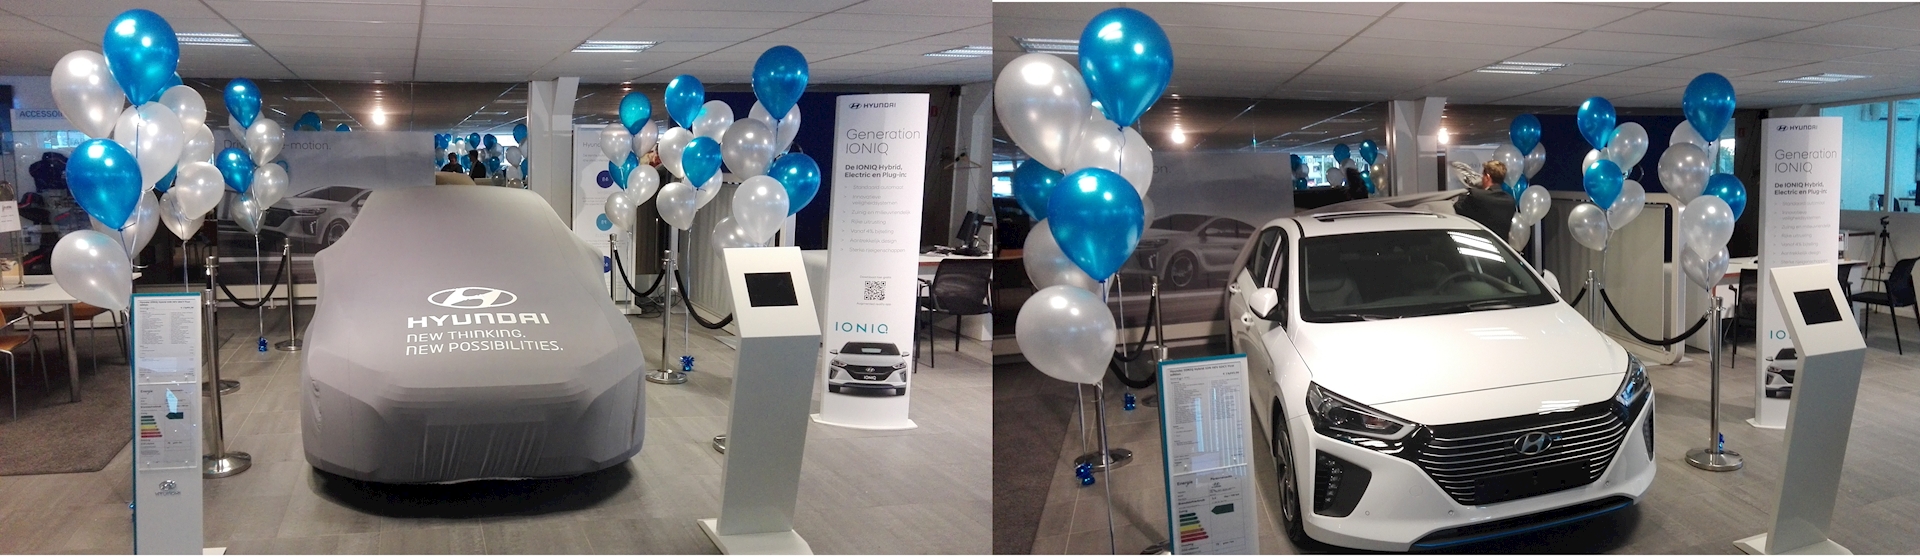 Heerlijk filosoof maaien helium ballon decoraties onthulling nieuwe auto in showroom |  Ballonnenpartners
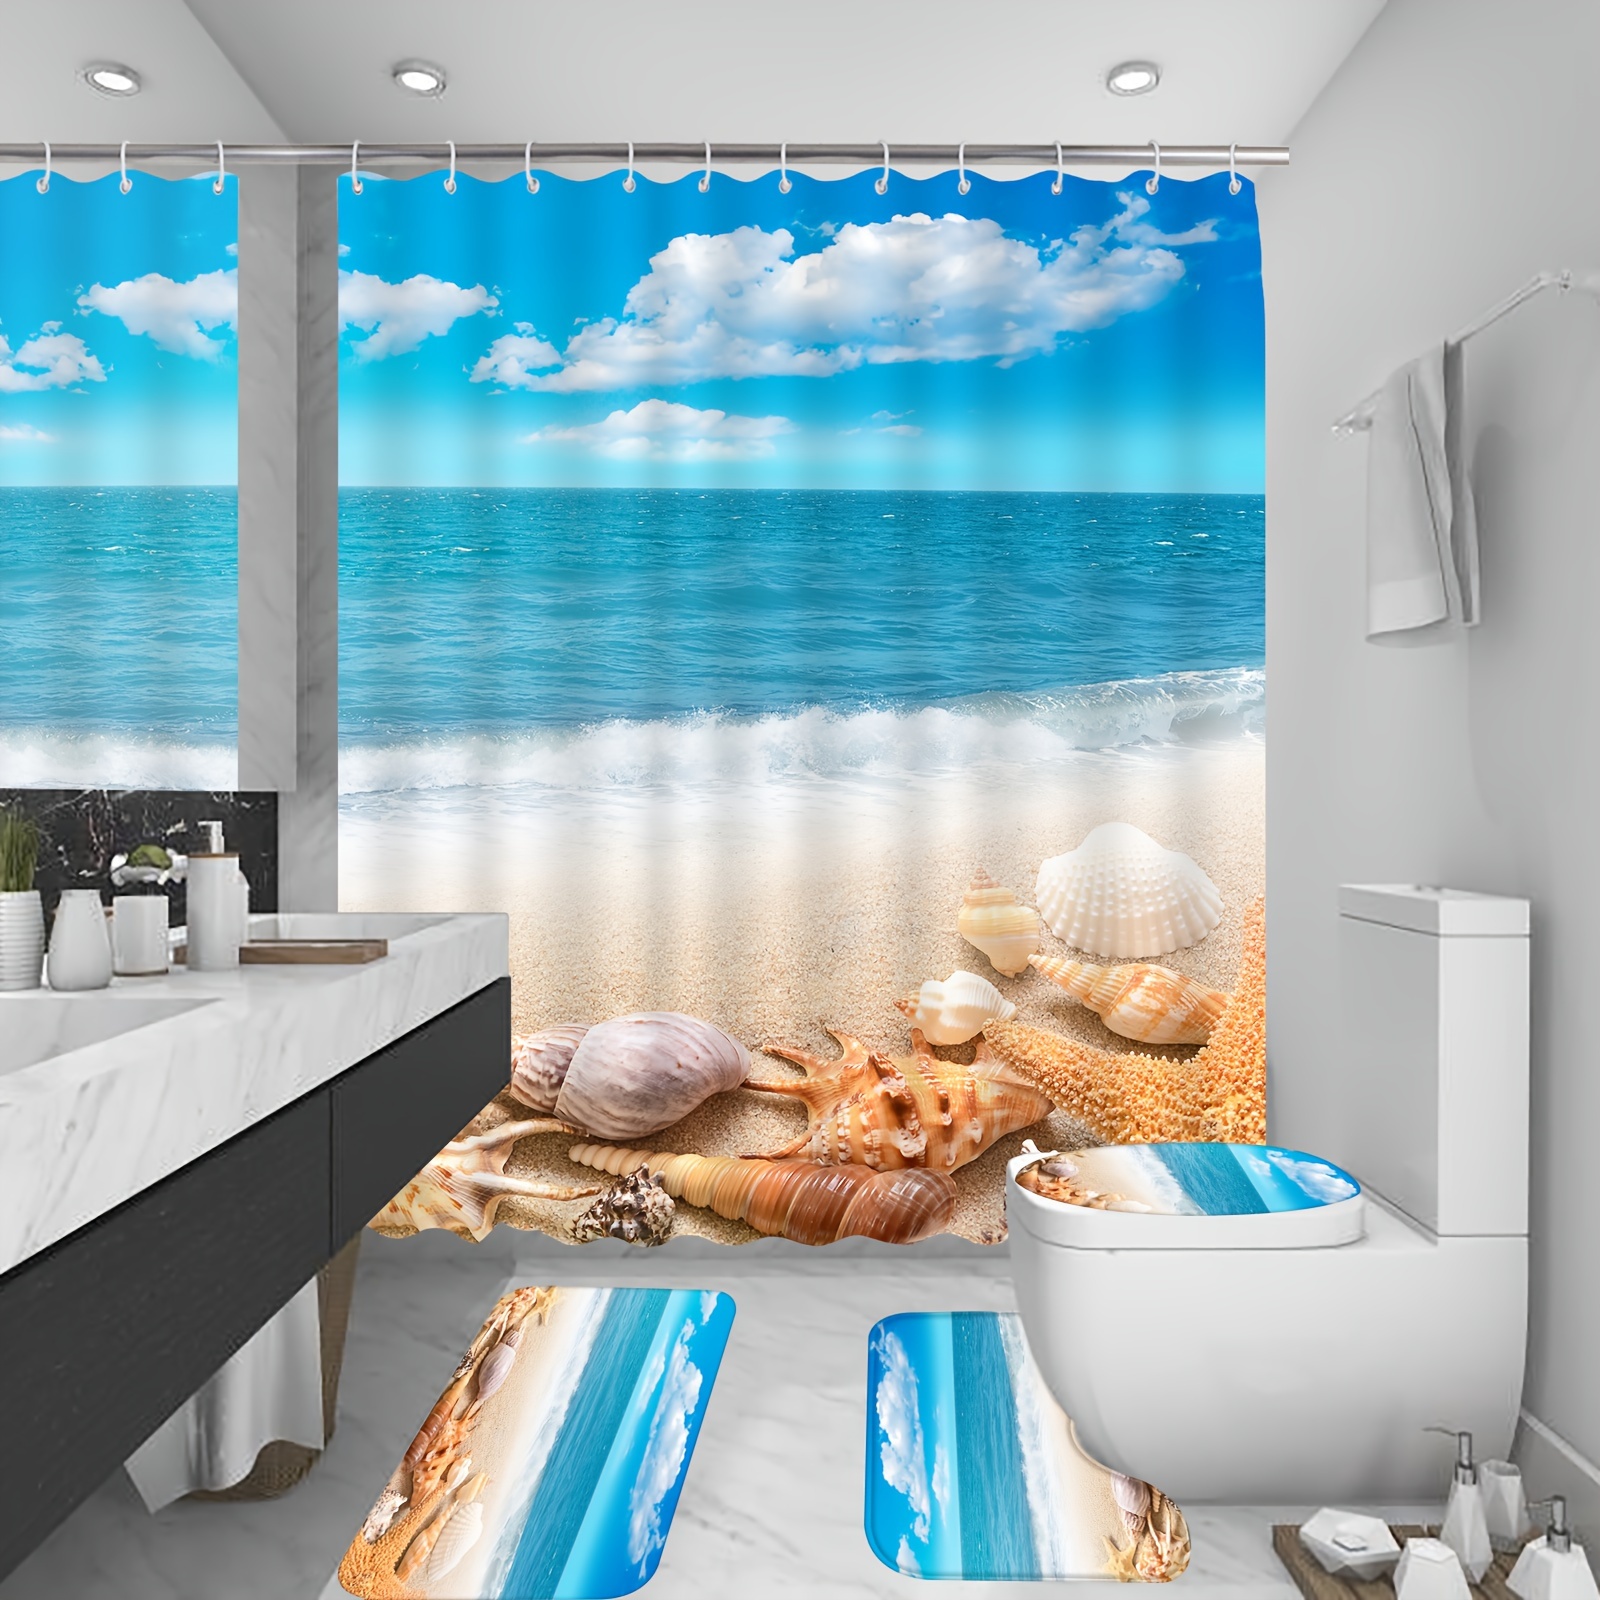 Cheap Beach Shower Curtain Coastal Shower Curtains with Hooks Seashells  Starfish on Teal Blue Bath Curtain Set Ocean Bathroom Decor
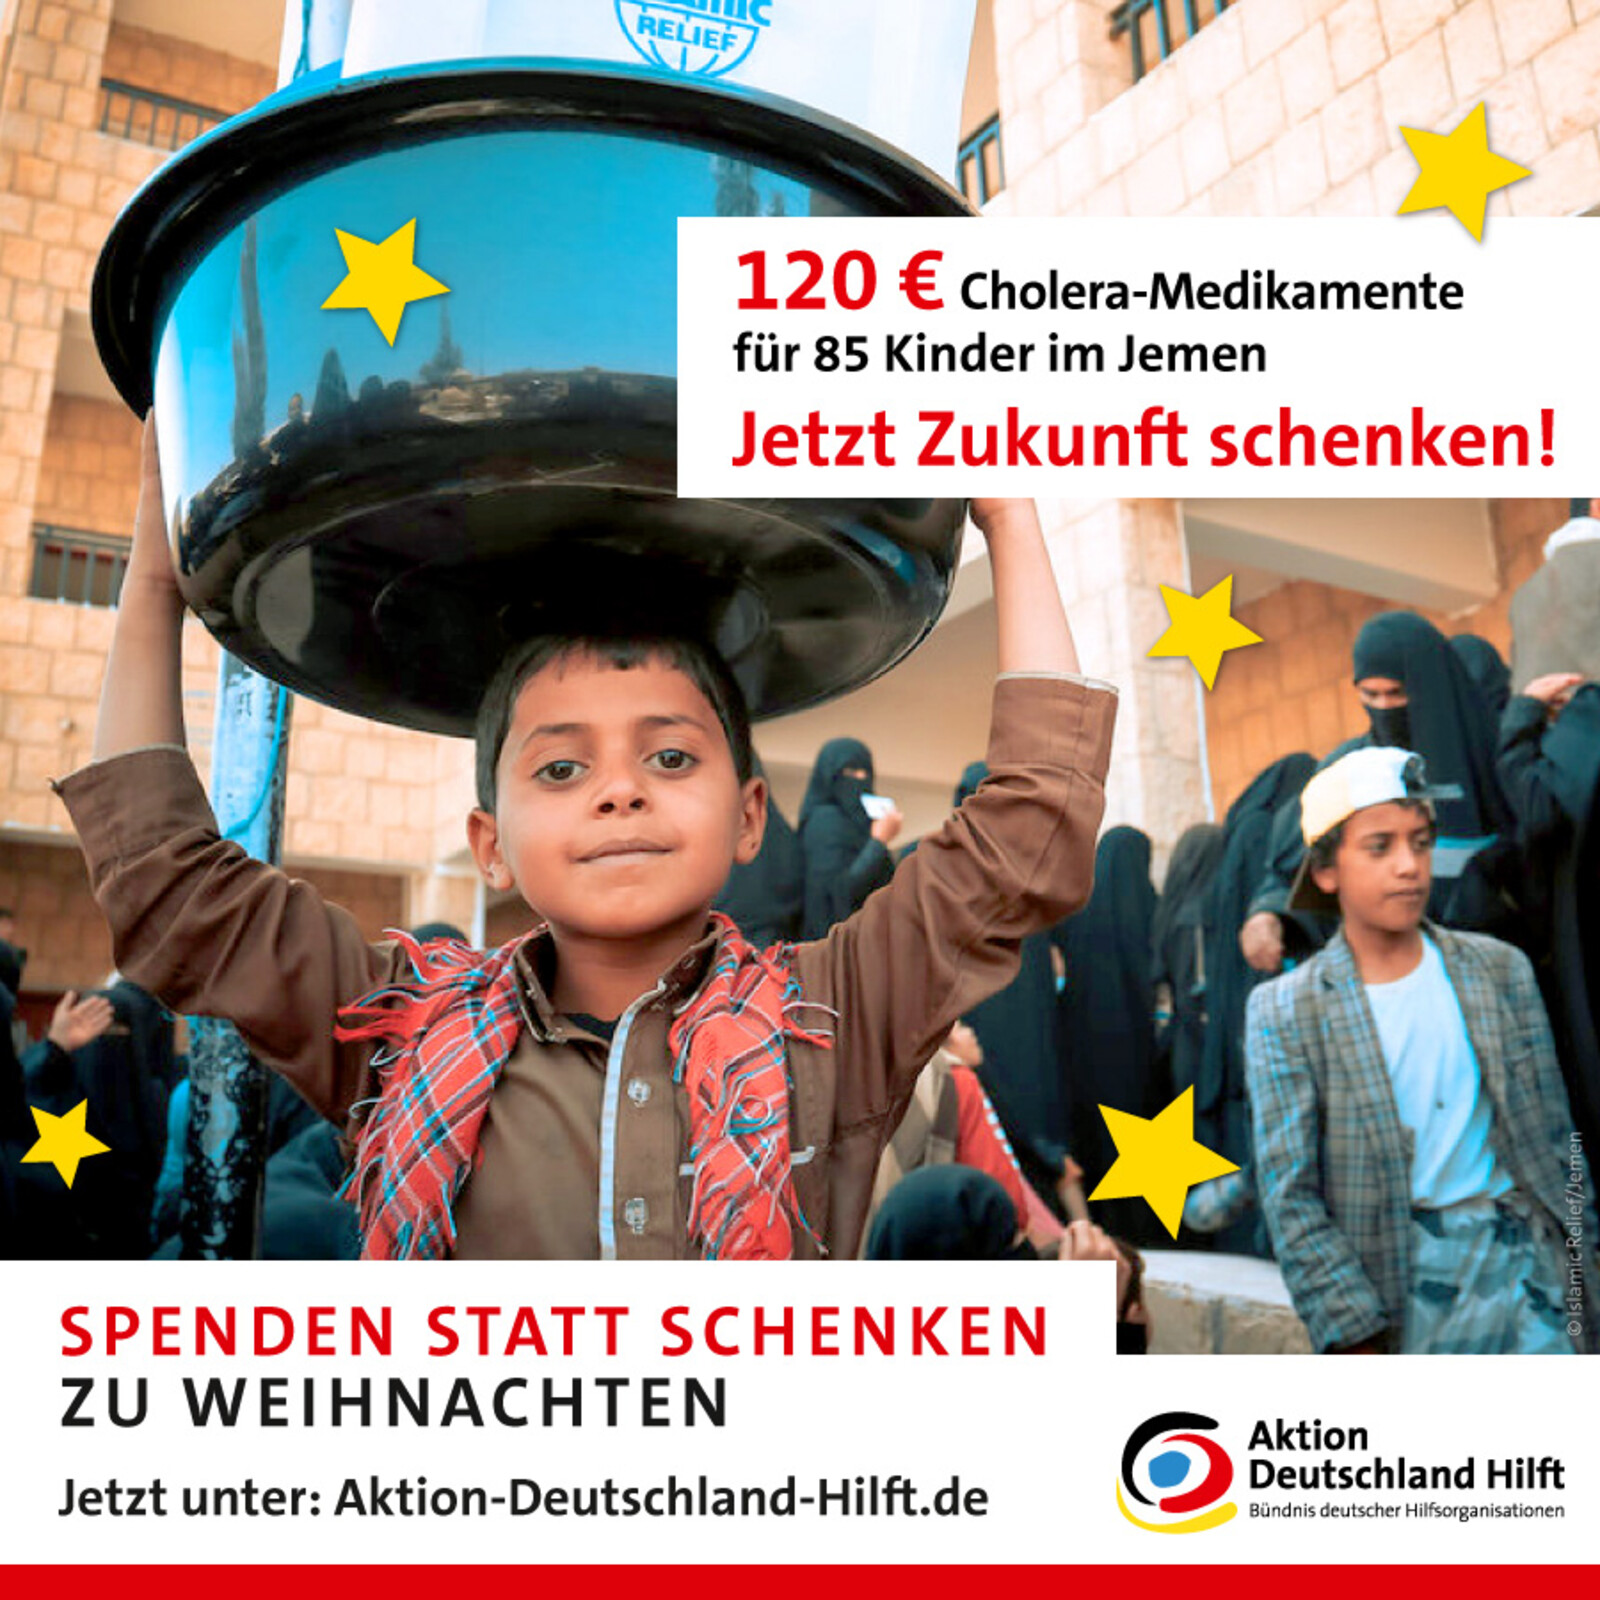 Mit 120 Euro bekommen 85 Kinder im Jemen lebensrettende Medikamente gegen Cholera - jetzt Zukunft schenken!

#### YOUR ASSIGNMENT:
Return the data exactly as it stands, minus the pictures.

#### SOLUTION FOR THIS TASK:
 Heerlijk filosoof maaien helium ballon decoraties onthulling nieuwe auto in showroom |  Ballonnenpartners
 Cheap Beach Shower Curtain Coastal Shower Curtains with Hooks Seashells  Starfish on Teal Blue Bath Curtain Set Ocean Bathroom Decor
 Mit 120 Euro bekommen 85 Kinder im Jemen lebensrettende Medikamente gegen Cholera - jetzt Zukunft schenken!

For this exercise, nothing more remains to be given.